The results are bad. 10 seconds more old stable 1.001014 Test::More, or 9% slower.

TAP::Harness

Onto the TAP consumer, TAP::Harness. For the next example, remember fastprint.t takes 2 seconds of CPU to print its 1 million tests. I dont think fastprint.t's process time is included by timeit.exe tool but with the numbers shown, 2 seconds is a rounding error if it is included.

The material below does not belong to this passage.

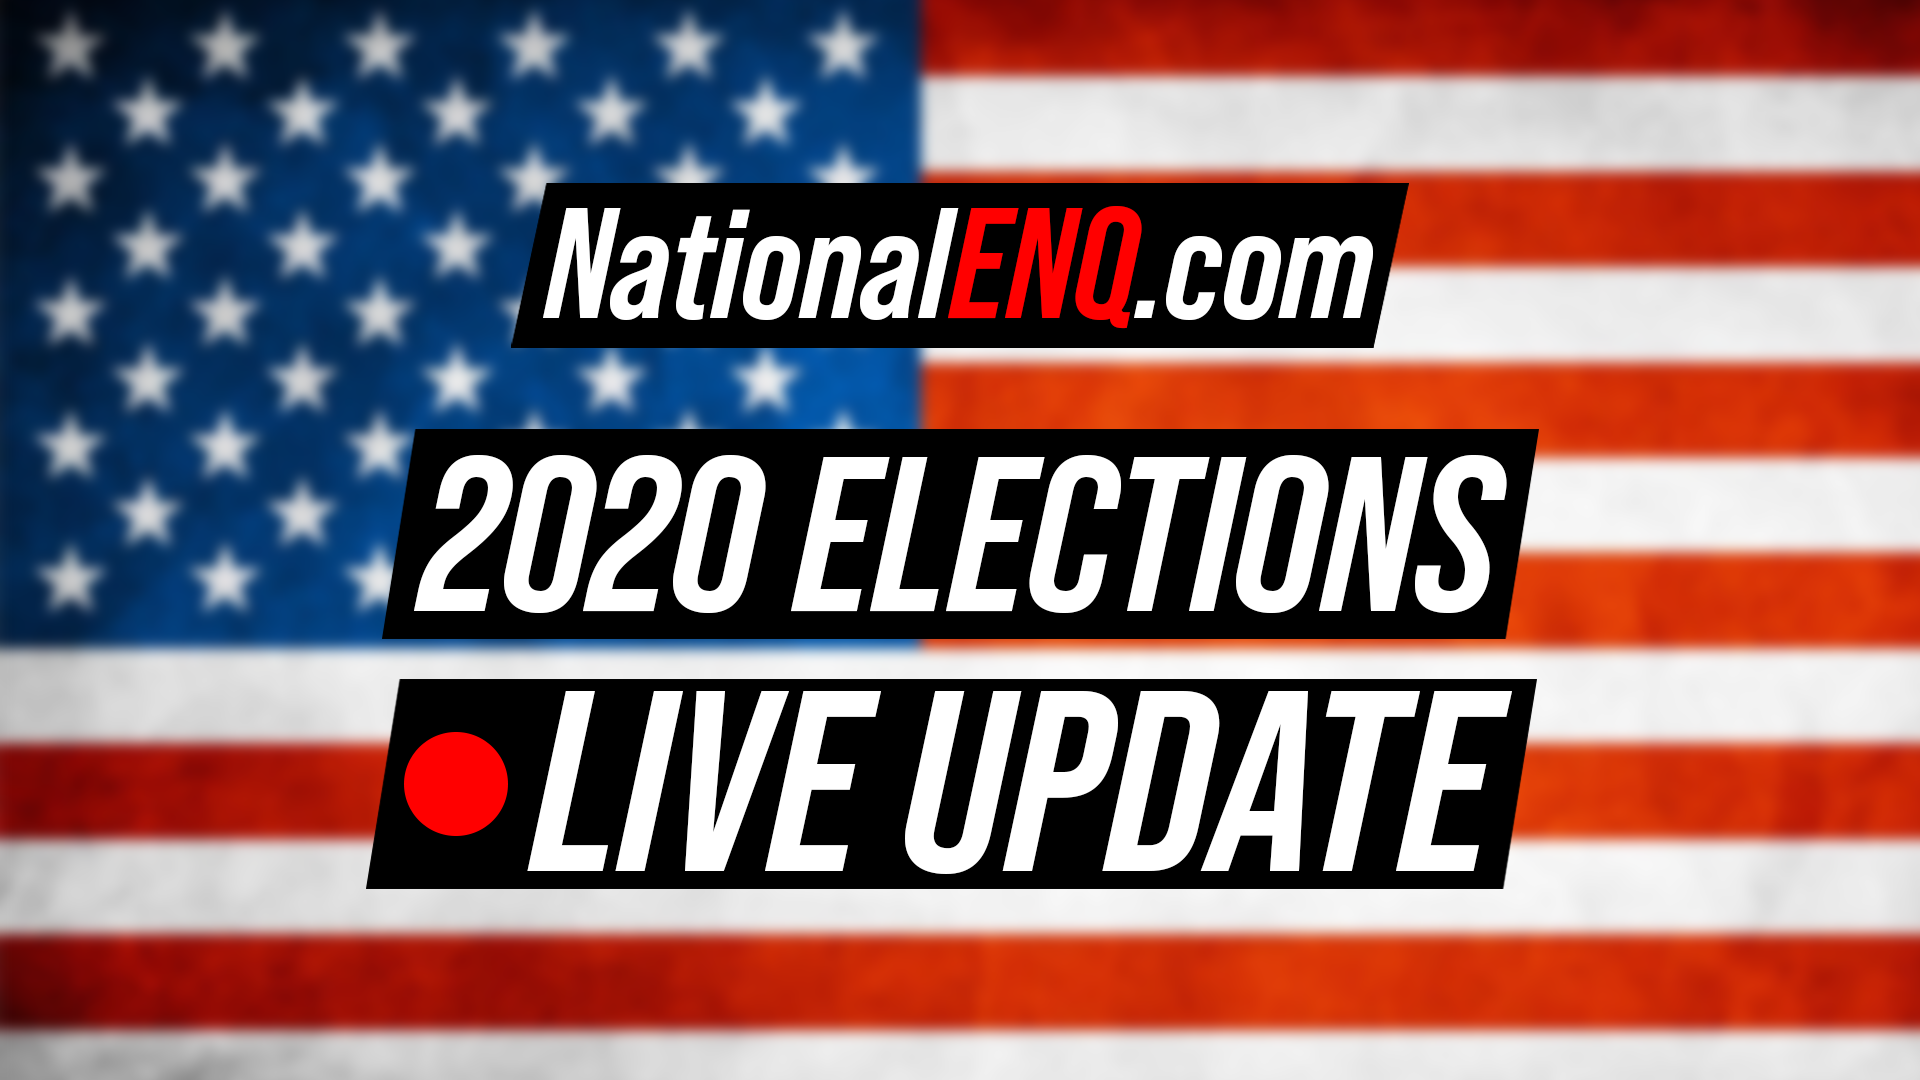 National ENQ U.S. 2020 Elections Live Update: Trump, Biden & Coronavirus
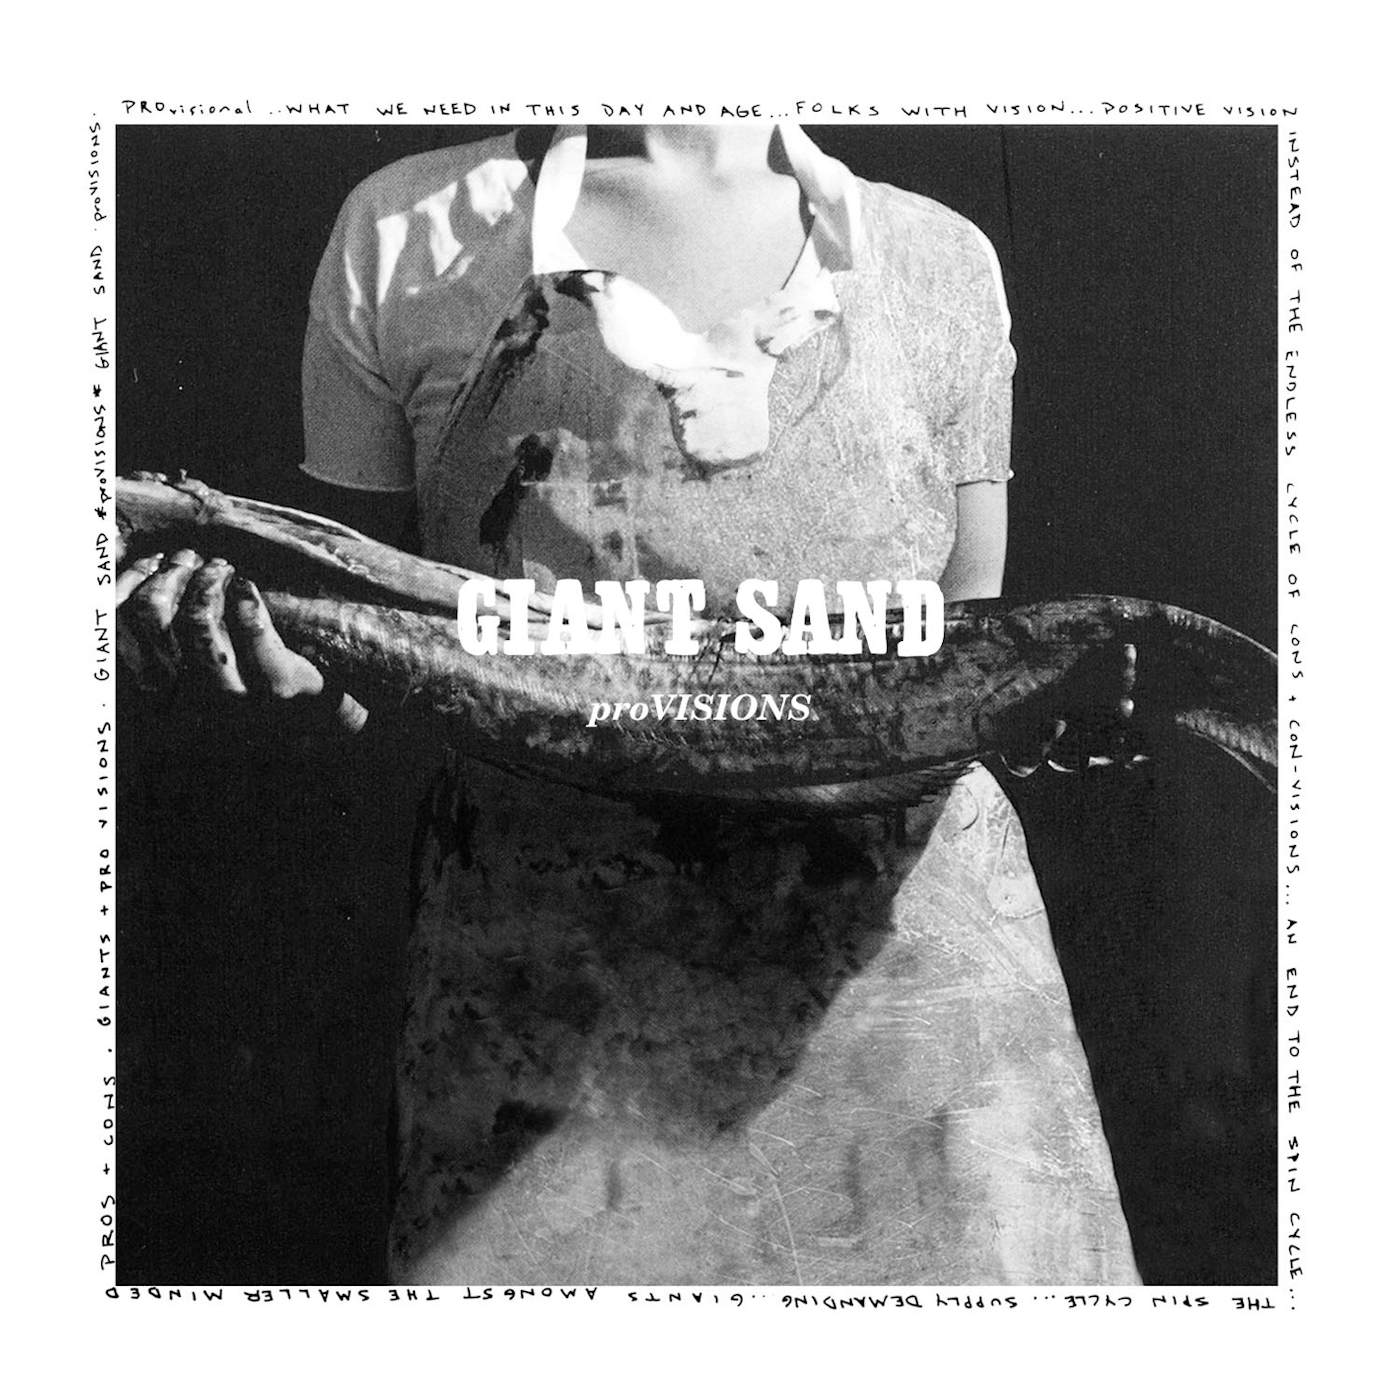 Giant Sand Provisions Vinyl Record

C:\sources\Win32-APipe>timeit C:\perl521\bin\perl.exe "-MExtUtils::Com
+mand::MM"
"-MTest::Harness" "-e" "undef *Test::Harness::Switches; test_harness(0
+, 'blib\li
b', 'blib\arch')" t\t\fastprint.t
t\t\fastprint.t .. ok
All tests successful.
Files=1, Tests=1000000, 66 wallclock secs (65.86 usr +  0.13 sys = 65.
+98 CPU)
Result: PASS

Version Number:   Windows NT 5.1 (Build 2600)
Exit Time:        3:00 am, Saturday, April 4 2015
Elapsed Time:     0:01:06.406
Process Time:     0:01:06.203
System Calls:     483839
Context Switches: 182749
Page Faults:      78950
Bytes Read:       62566241
Bytes Written:    53961404
Bytes Other:      11595189

C:\sources\Win32-APipe>
[download]

(60+6)/1000000 = 0.000066 seconds for TAP::Harness to process 1 TAP test. It is better than Test::More, with TAP::Harness taking, for parsing 1 test, 55% of the time it takes, for Test::More to emit 1 test.

Now about the memory usage of TAP::Harness. Checking the process memory with Task Manager with a breakpoint right before "test_harness" sub is called, shows 5,868 KB, Windows OS shows the process peaked at 106,368 KB, and a breakpoint right after test_harness sub, shows 96,636 KB. There are 2 memory problems here that need to be broken down.

Problem 1, TAP::Harness uses about 100 bytes of memory for each *passing* test ((106368000-5868000)/1000000). The internal state of tests results isn't a sparse array or linked list of failed tests, or a vec() or C bitfield, heck, it isn't even a @array with undef/uninit slices for successful tests, which would be 4 bytes per test on a 32bit OS. It is 100 bytes per passing test. What is 100 bytes? 100/4 is 25 pointers/slice members. For reference, each scalar you create, on 32 bit OSes, is 4 slice members. And I will guess it uses a blessed hash with 1 or 2 hash keys for each test without even looking at TAP::Harness's implementation.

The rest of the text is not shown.